An interesting article based on quotes from a former regional newspaper editor appeared on Hold the Front Page last week. Former Leicester Mercury editor Keith Perch, now a freelance consultant and part-time journalism lecturer had come to the conclusion that readers will ultimately have to pay for journalism.
The article was based on a post Keith had put on his blog. I’m grateful HTFP wrote about it – I’ve now discovered his blog and, while not always agreeing with what he says, I think there’s a lot many journalism experts could learn about how to blog in an inclusive, multimedia way.
The post which prompted the HTFP article also stated that for news organisations to get people to pay for news, they’d have to offer up something which people valued. And there’s the big challenge.
Sadly, when articles like this are written, all too often the debate becomes about how the internet has killed the regional press, and how the regional press has inflicted most of the damage itself by giving the online content away for free.
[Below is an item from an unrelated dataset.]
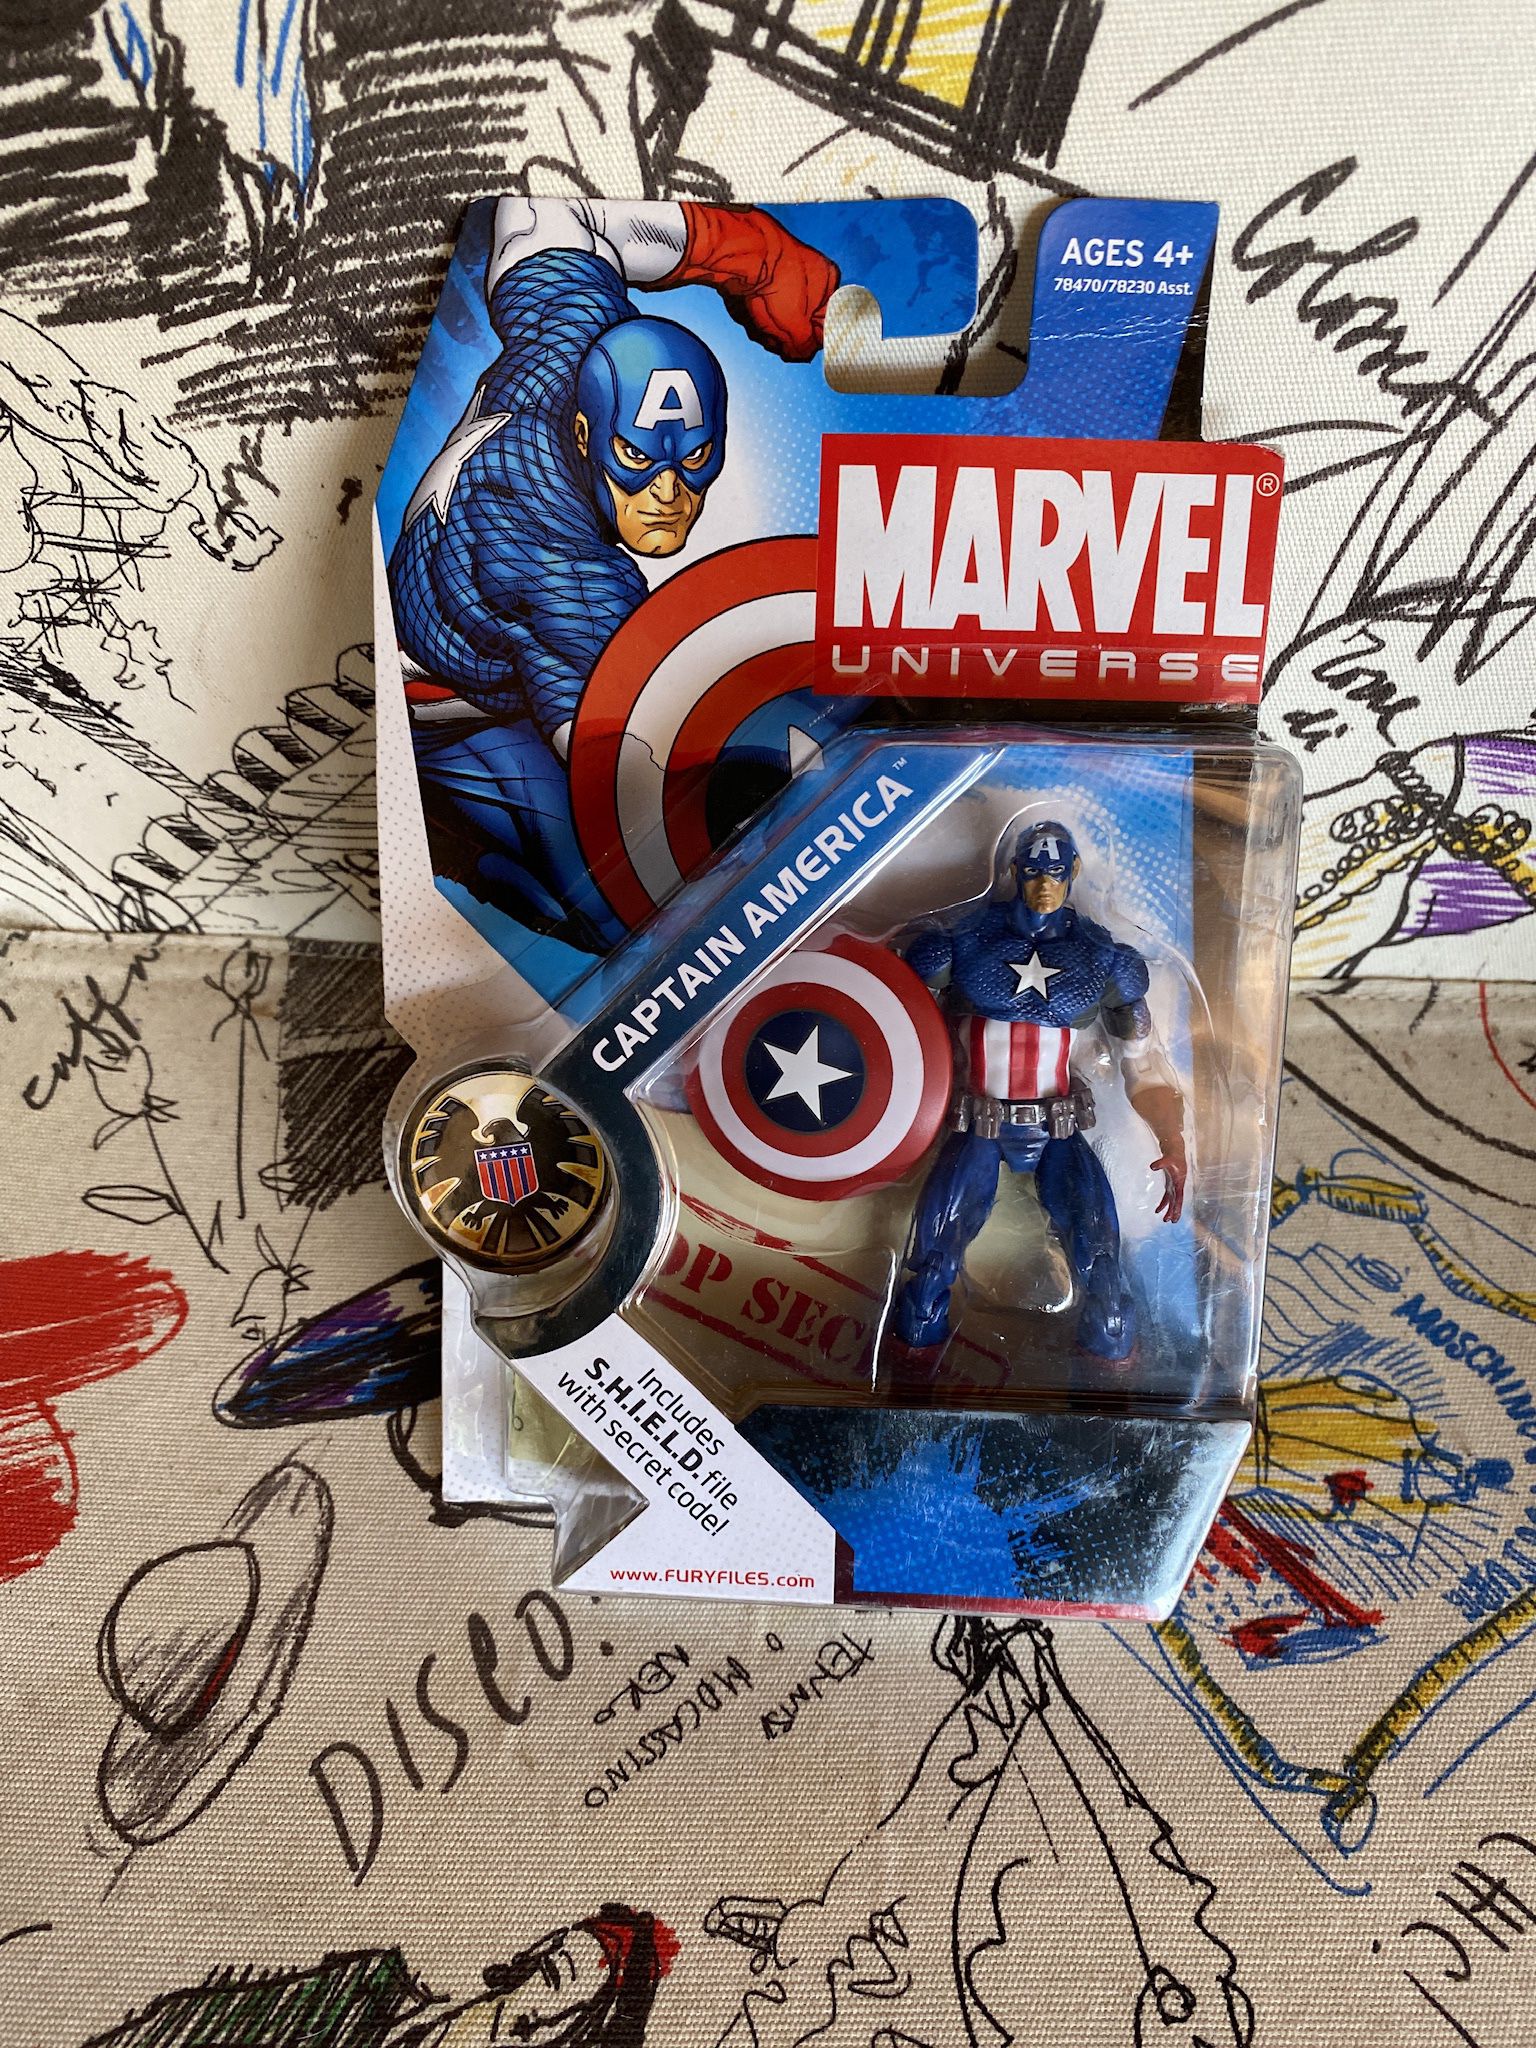 2008 & 2009 Captain America Action Figures Collectibles Toys

Keith suggests that Johnston Press is losing £21 in print revenue for every £1 it is making in digital. I see that as a dangerous way of framing a discussion – it invites the ‘turn off the website’ devotees to argue the two are interlinked. Few other industries compare one revenue stream against another in the same way, instead focusing on the need to make the most out of the growing revenue stream while trying to protect the other for as long as possible.
The secret is to ensure that while protecting the one, you don’t restrict the other. Recently, a friend at another newspaper publisher told me they were considering keeping copy off the main website to ‘make people buy the e-edition.’ That’s one way to stick up a paywall – and a good way to ignore the mistakes of 2006.